Versioning rules

SPYT includes two components:

  • A cluster with Spark pre-installed.
  • A client where the ytsaurus-spyt package is installed via pip.

SPYT is built from the following artifacts:

  • A .tar archive with patched Spark that is deployed to YTsaurus and read at cluster startup;
  • ytsaurus-pyspark pip package with patched Spark files as in the .tar above;
  • ytsaurus-spyt pip package which in turn depends on ytsaurus-pyspark package. It contains the assembly of all SPYT modules and their dependencies that are not included in Spark distributive. The package is deployed to pypi repository and client hosts. It also contains CLI utilities for launching an inner Spark standalone cluster and for submitting applications to it.

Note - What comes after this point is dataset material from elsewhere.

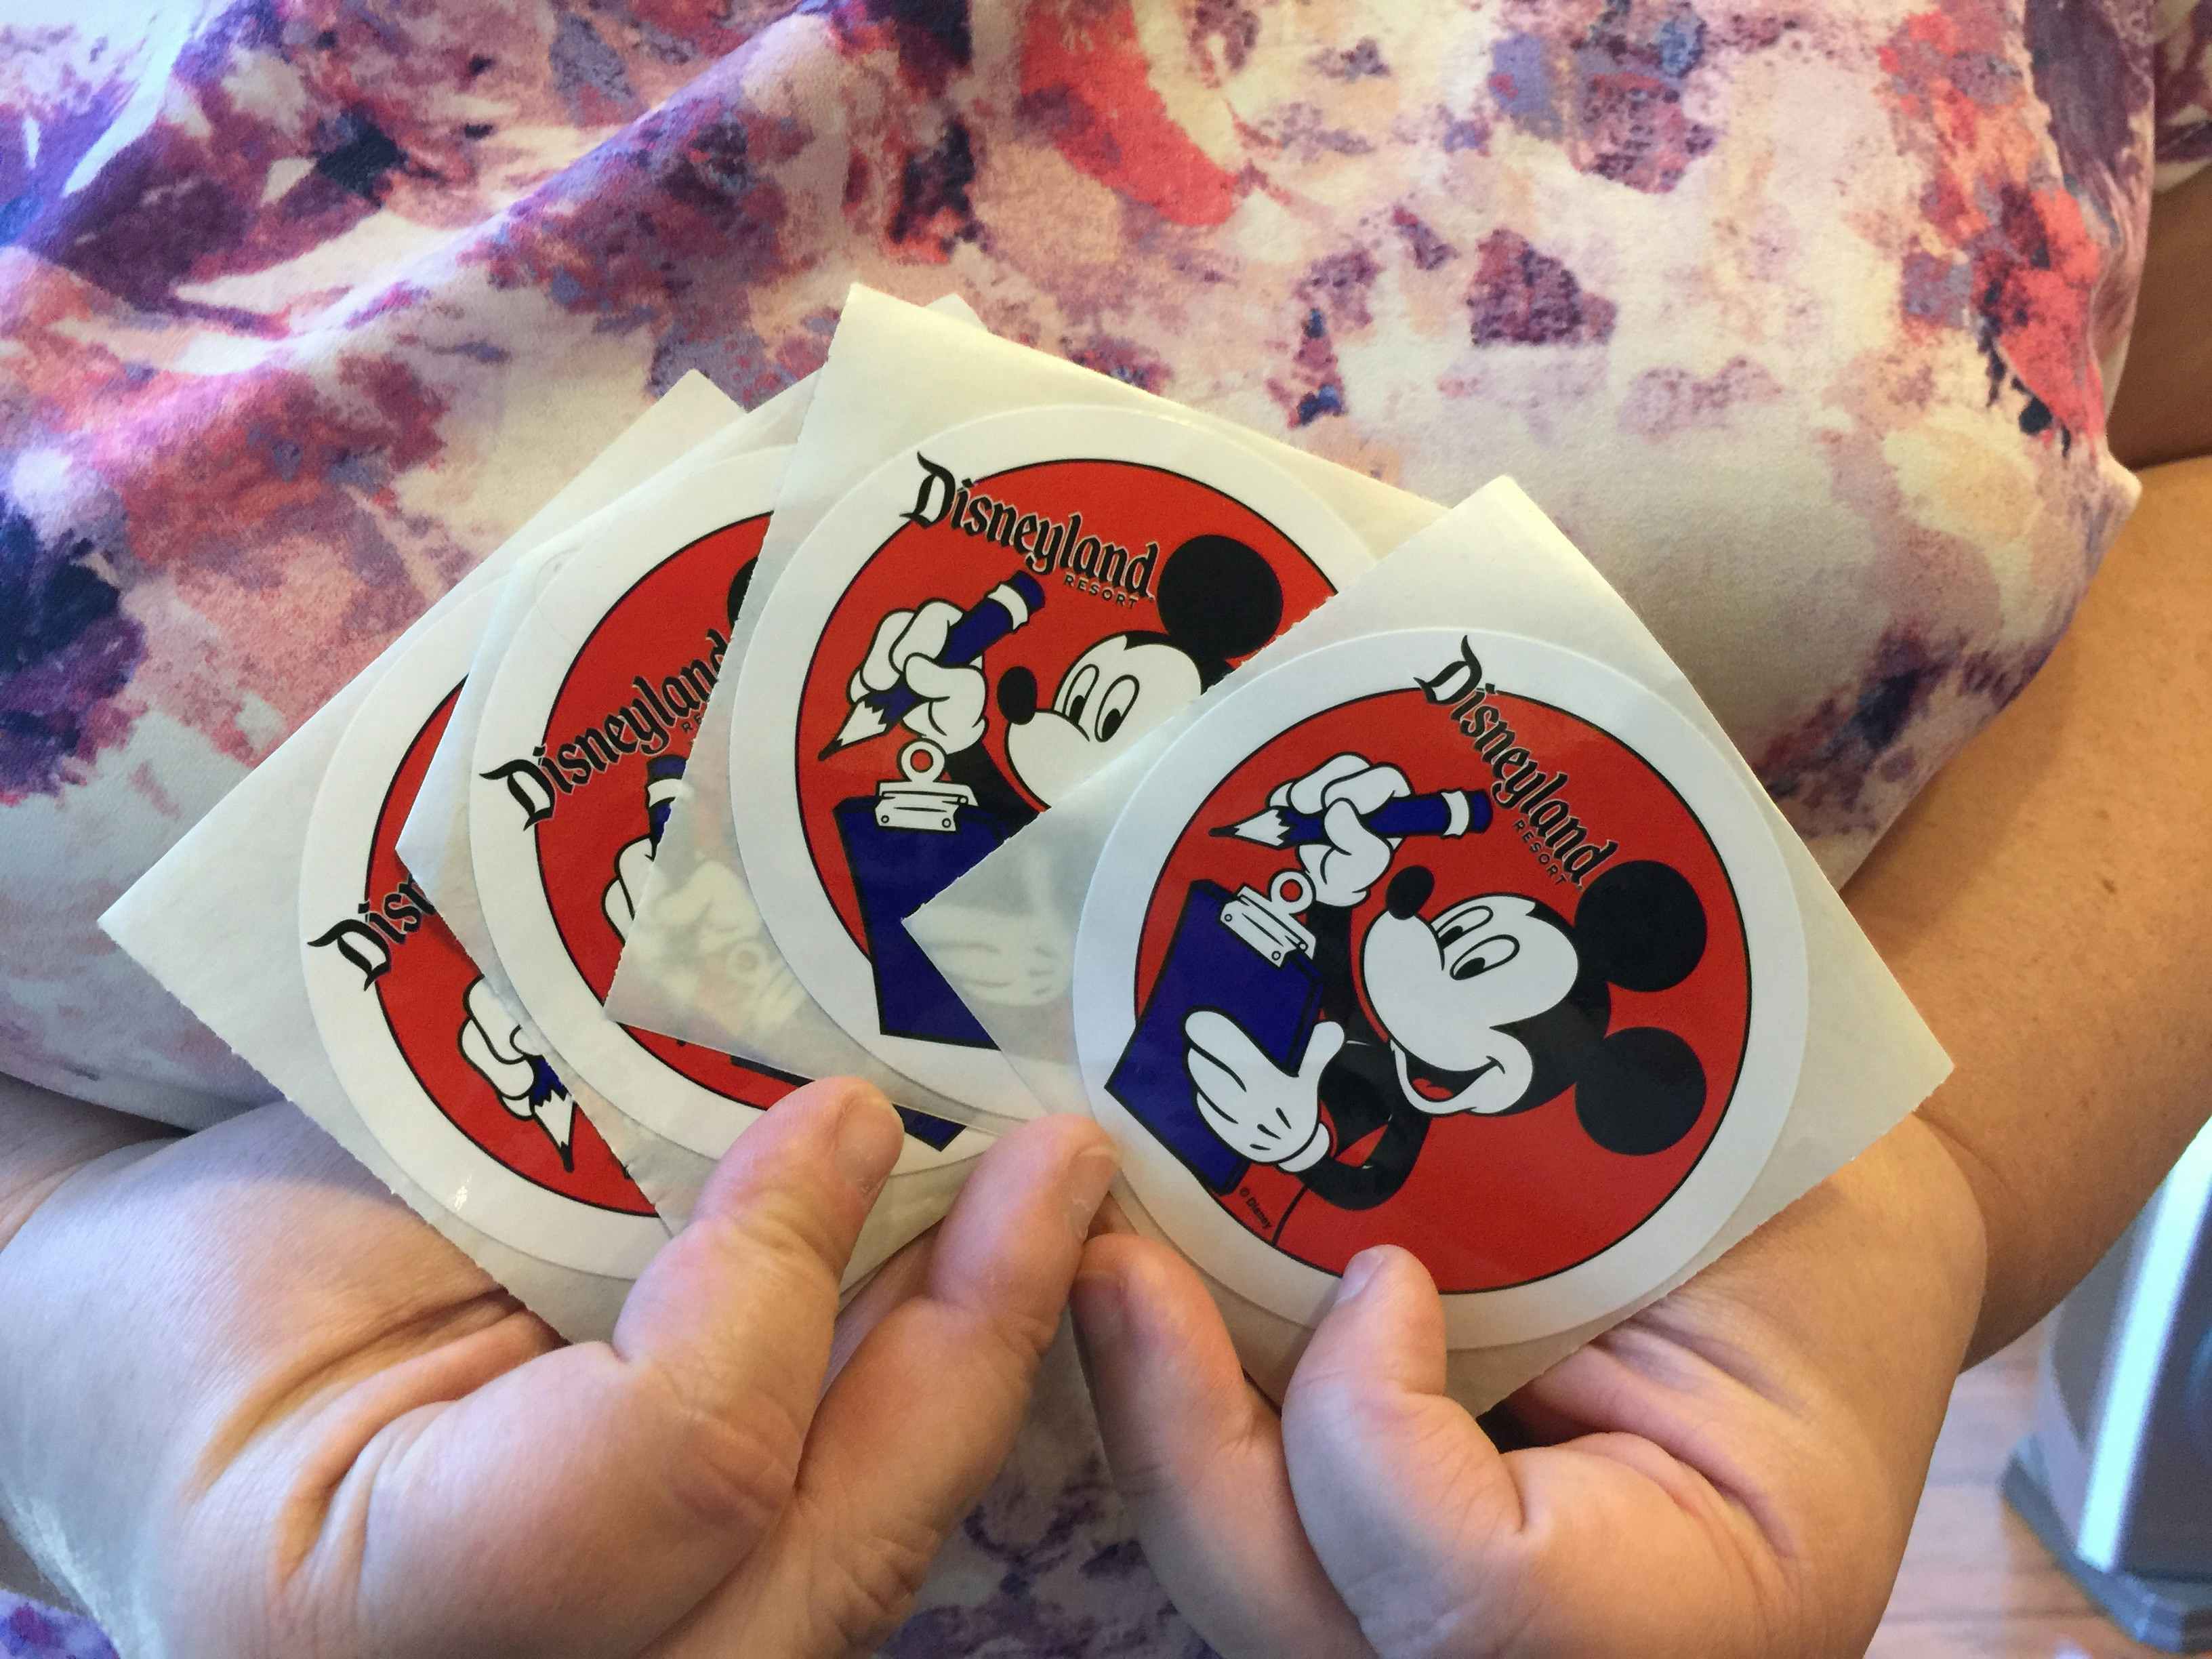 Someone showing off four Disneyland stickers with Mickey Mouse on them.

When a new version of ytsaurus-spyt is installed ytsaurus-pyspark updates automatically.

In most cases, a ytsaurus-spyt update is sufficient. However, sometimes, to make new functionality work, you will have to update your cluster. You can find out the update procedure and scope based on the specific version.

Update procedure

  • Cluster and client version number consists of three parts. Update of the last (minor) part means that backward compatibility is preserved and the change affects only one component.
  • When a middle (major) part of the version is updated backward compatibility with clusters of previous versions may not be preserved so it is recommended to use a client with the same major version as cluster.
  • Cluster version can be chosen on launching via spark-launch-yt in --spyt-version parameter. When the version is not specified the last release version will be used.
  • Client version in client mode (Jupyter notebooks) is the same as ytsaurus-spyt package version.
  • Client version in cluster mode can be specified using --spyt-version parameter for spark-submit-yt command. When the version is not specified the last compatible with the cluster version will be used.